I've spent so much time on the phone trying to schedule PT sessions, trying to get an earlier cortisone shot (without success), working through the MRI scheduling and insurance, trying two different prescription drugs. Basically feeling helpless, frustrated and uncertain!

It's much easier when you know what your injury is, how long it will take to recover, and clear instructions on how to proceed. (Like a stress fracture, for example). It's also easier when it doesn't pop up three weeks before the Boston Marathon. So while I handled Covid pretty well, and while I handled my groin injury pretty well, I really struggled with the uncertainty on this one. It was difficult to stay positive.

BUT, I think I am finally coming through to the other side and I'm done with the worst of it. I have the cortisone shot, I have two PT sessions set up for next week, I know I'm not dealing with a disc issue, I have guidance on how much to run and what PT exercises to do, I'm no longer taking medications, and I had a 6-mile pain-free run this morning! I had none of this on Monday of this week.

My primary goal is to get to the start line feeling good so I will prioritize that over trying to salvage my fitness. At Boston, my main goal is to finish the race and ideally be able to walk when I am done (or at the very least, to be able to walk later that day!)  I've already been to the Boston medical tent once and I have no desire to return. I also want a good finish line photo. I haven't been happy with my finish line photos from my previous Bostons!

If you read all of this. . . you're a real trooper! 

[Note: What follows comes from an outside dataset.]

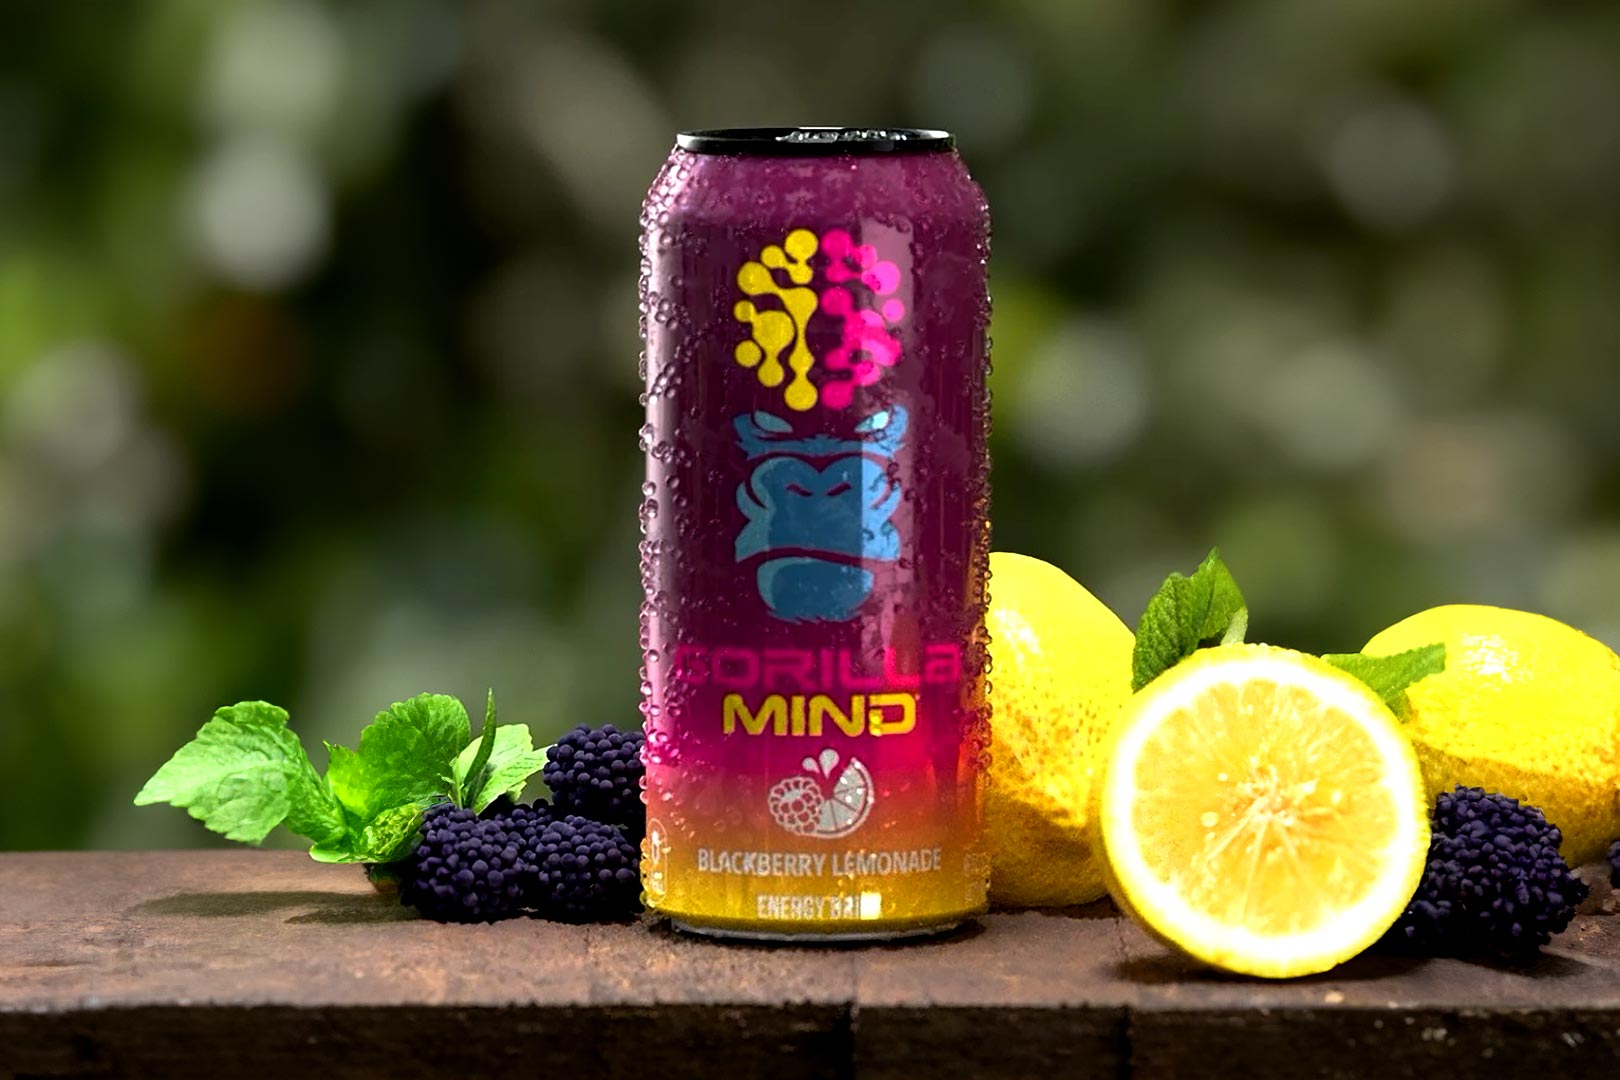 Where To Buy Blackberry Lemonade Gorilla Mind Energy Drink

  1. I've got all of my fingers crossed for that finish line photo! Running has so many ups and downs and yet we keep showing up and doing it anyway;-)

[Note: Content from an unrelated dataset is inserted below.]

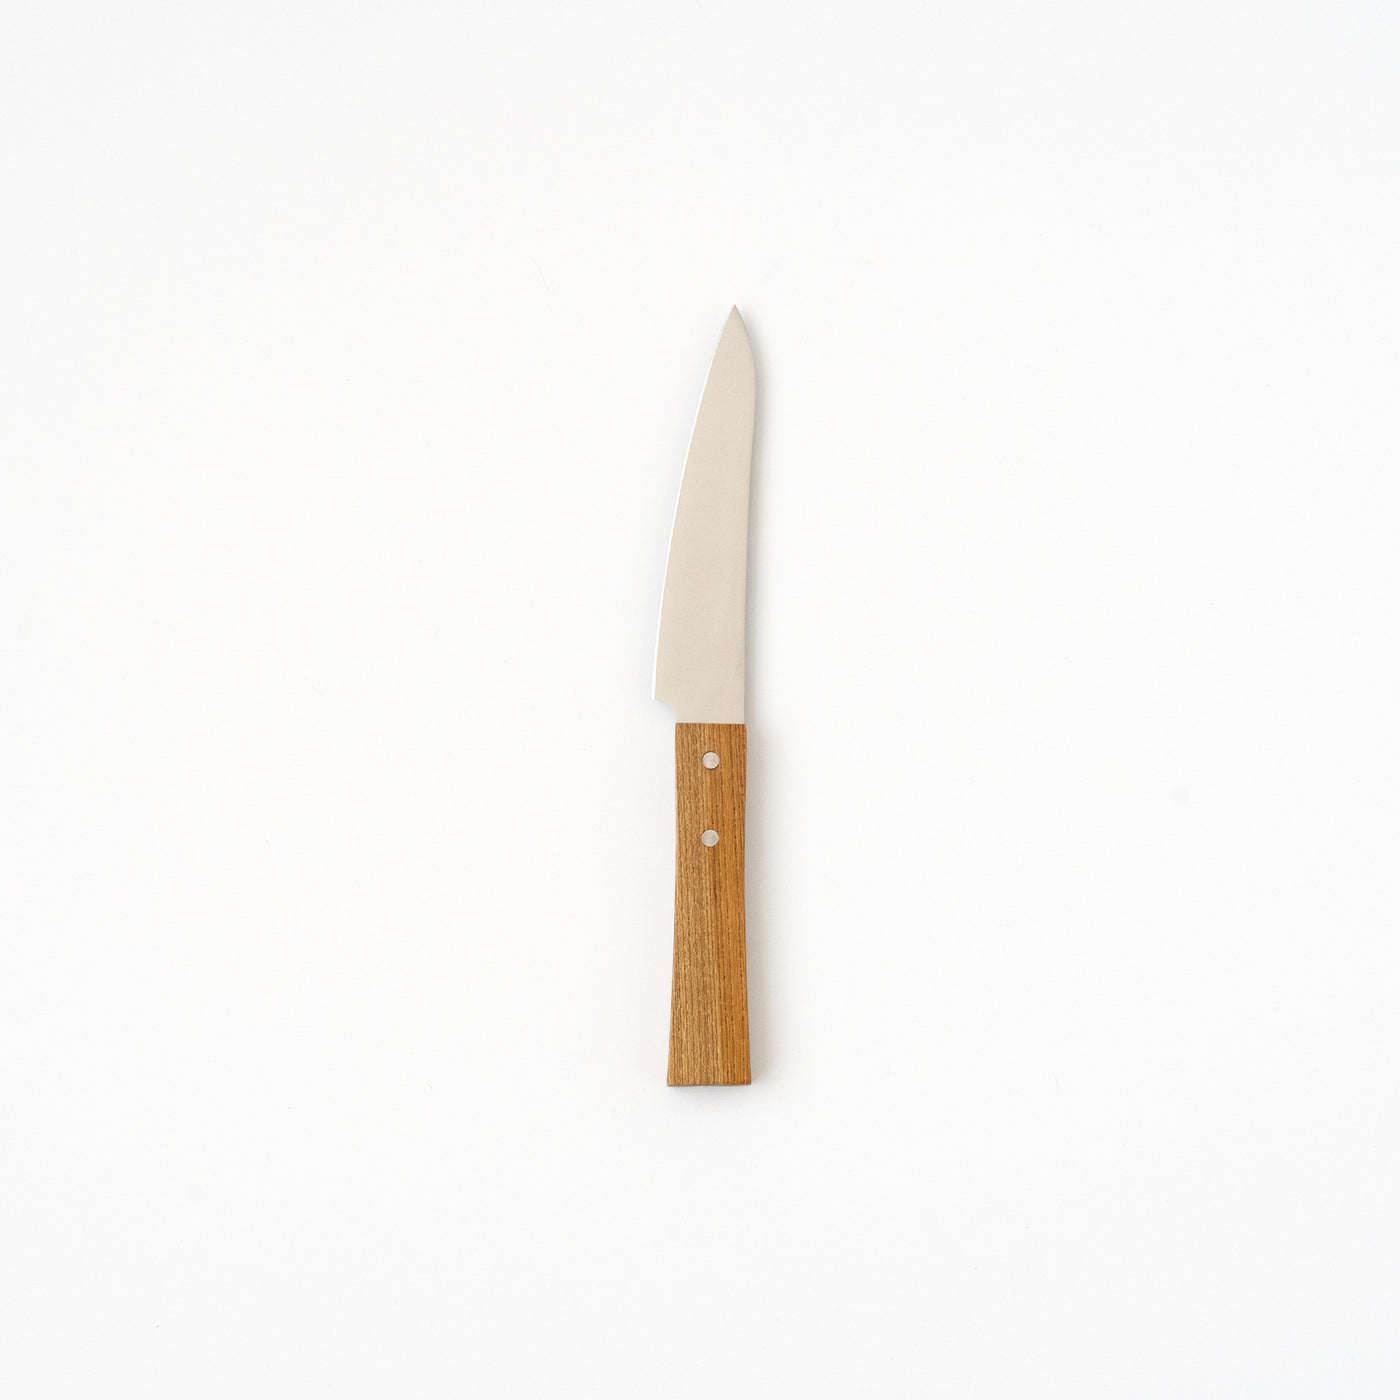 SHIZU HAMONO / MORINOKI PETTY KNIFE

  2. Hi Elizabeth, just finished reading your post. It looks like there is light at the end of the tunnel which is fantastic! All the very best for Boston. Kind regards, AV

  3. Thinking of you and sending positive vibes ! I went through a similar challenge a few years ago before Boston. i had a great sports physician who worked me In to his busy schedule and was extremely helpful! I know you will be fine and have a great Marathon Monday!

  4. Navigating healthcare (and insurance) is a struggle! I am currently helping a family member with this and it’s certainly frustrating. This is where concierge doctors are helpful, but not usually practical, expense wise. It sounds like you have a good team, and you have proven your mettle when it comes to the hard work of resting. Keep up the good work and Lord willing, you’ll make it to that Boston finish line!

  5. I did read the entire post! You really going through the injury grinder! Glad you were able to get the cortisone injection. Reminds me of one year training for Boston coming up with torn meniscus. It was a simple tear not warranty surgery, but ortho just went with a cortisone injection. It was amazing that within 3-days it felt 95% normal. I had to work gradually back walking/easy running, but was able to show up and run and finish the marathon using run/walk strategy. I am sure you will be able to start and finish, maybe you take a laid back and not competitive approach, you have to make that a decision a day or two before the race. But the important point is...your going back to Boston. My favorite marathon race, and I miss my days running it! Keep your faith and persistence!

  6. Glad to hear that you are feeling better! Excited for you. Sounds like it's going to be a good race!

  7. I'll put it to you this way, if you feel like you can't walk 30 mins after you cross, you ran your heart out and kicked butt and I hope that happens, although you've been thru a lot of trials and tribulations here that setting lofty goals isn't something any of us rational fans of yours are projecting or expecting from you.

    What I love is your grit and your desire to find your way to the starting line. More courage than I can say I've had when things have come up in the past outside of last year. You will listen to your body and get thru it, I'm sure!! I just hope all these methods have worked and that when you give us a Final preview for Boston, you will say you've been pain free for these past few weeks but whatever it is, it is!! I still admire what you have accomplished in so many ways from where you were when you first caught the running bug many years ago! You've been tremendous!!